By Harriet Torry and Anthony DeBarros 

Forecasters expect the U.S. economic recovery to remain on track following the presidential election, with a potential coronavirus vaccine and a new fiscal stimulus package in sight, a new Wall Street Journal survey shows.

The survey also shows that the amount of stimulus the economy needs to recover from the coronavirus shock is more modest than many lawmakers have suggested after the economy outperformed expectations in the third quarter. The survey of 65 business and academic forecasters was conducted Nov. 6-10.

Forecasters see an unemployment rate of 6.8% at the end of this year, down from 7.8% in last month's survey. They now expect gross domestic product to contract 2.7% this year, measured from the fourth quarter of 2019, an improvement from the 3.6% contraction they predicted last month. They forecast expansions of 3.6% in 2021 and 2.9% in 2022, only slightly slower than in the prior month's survey.

Most economists say some further fiscal aid remains likely, with some saying the prospect of renewed lockdowns as coronavirus infections rise across the country could spur lawmakers to strike a deal.

"Economic damage from a second wave is raising pressure for stimulus," said Lynn Reaser, chief economist at Point Loma Nazarene University. "Many unemployed and small businesses are struggling to survive."

Senate Majority Leader Mitch McConnell said Tuesday that lawmakers remain far apart on how large another package should be, as Democrats seek a bill topping $2 trillion and Republicans favor a $650 billion proposal.

Forecasters in this month's survey assigned a 61% probability of a fresh round of stimulus in the first quarter of 2021 and a 24% likelihood that it will come later that year. They put a 38% probability on a package in the current fourth quarter and a 17% probability that there would be no further stimulus at all.

When asked how much near-term support the economy needs, the majority of economists in November's survey, 58%, said a stimulus package should be in the $1 trillion to $2 trillion range. Some 29% said it should be less than $1 trillion, while 13% said an appropriate aid package should be in the $2.1 trillion to $3 trillion range.

The Associated Press called the presidential race on Nov. 7 for Democrat Joe Biden, although President Trump has so far been unwilling to concede defeat.

Mr. Biden is likely to enter office as the first president since George H.W. Bush without a majority in the Senate at the start of his first term. Democrats would need to prevail in two runoff elections in Georgia in early January to create a 50-50 tie that would be broken by Kamala Harris as vice president.
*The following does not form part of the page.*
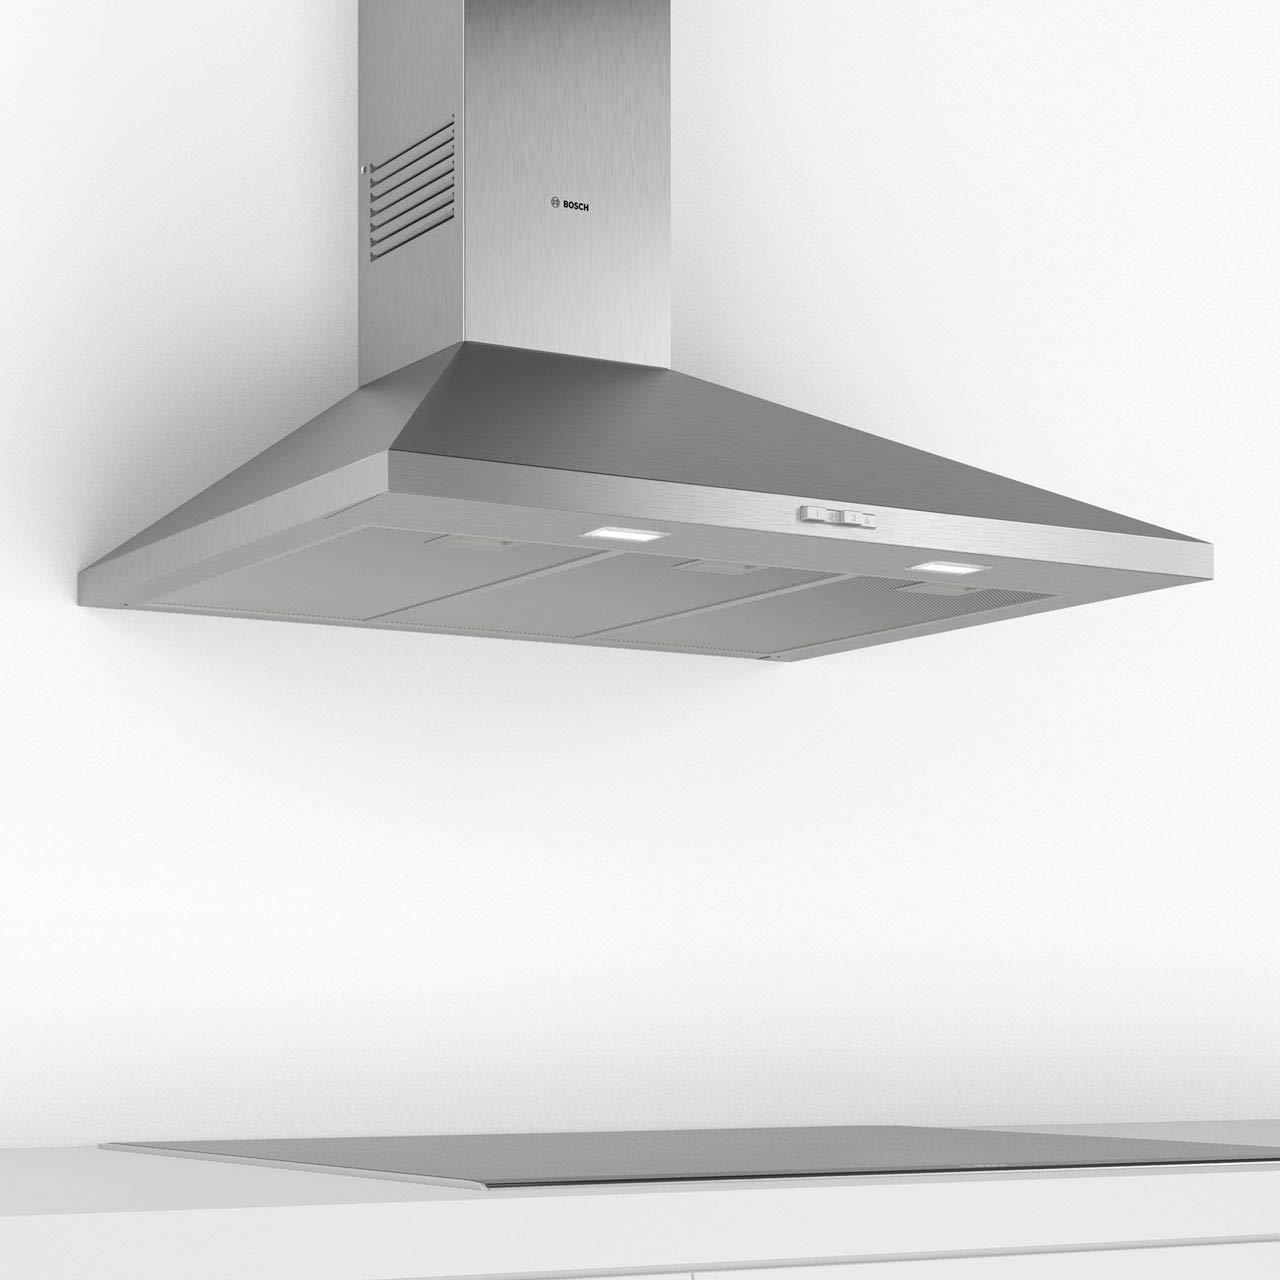 Bosch DWP94BC50B - Campana extractora de chimenea tradicional (90 cm, acero inoxidable): Amazon.es: Hogar

For economists, that puts in doubt Mr. Biden's plan to raise the top individual income-tax rate for individuals with incomes above $400,000 and increase the corporate tax rate to 28% from 21%.

More than half of economists, 55%, said tax increases would be unlikely under a Biden presidency with a Republican-controlled Senate. Only a third of economists saw higher taxes as likely.
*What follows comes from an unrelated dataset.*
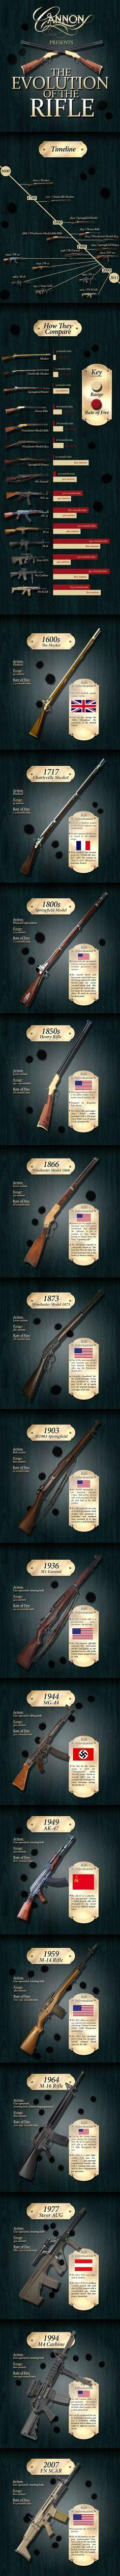 History of rifles

Nearly 90% expect uncertainty to decrease for financial markets thanks to clarity about the election outcome and news of a potential coronavirus vaccine. Over 80% of respondents expect uncertainty to decrease for the economy in coming months.

"There's a lot less uncertainty now than just a week ago," said Leo Feler, a senior economist at the Anderson School of Management at the University of California, Los Angeles. "The election went smoothly. Even President Trump's refusal to concede was expected. There's a promising vaccine candidate."

On Monday, Pfizer Inc. and its partner BioNTech SE said their Covid-19 vaccine proved more than 90% effective in protecting people from the virus in a study, raising hopes that it could -- pending regulatory authorization -- become the first of several vaccines that could stem the tide of the disease. A number of economists in the survey said the news was highly positive for their economic outlook.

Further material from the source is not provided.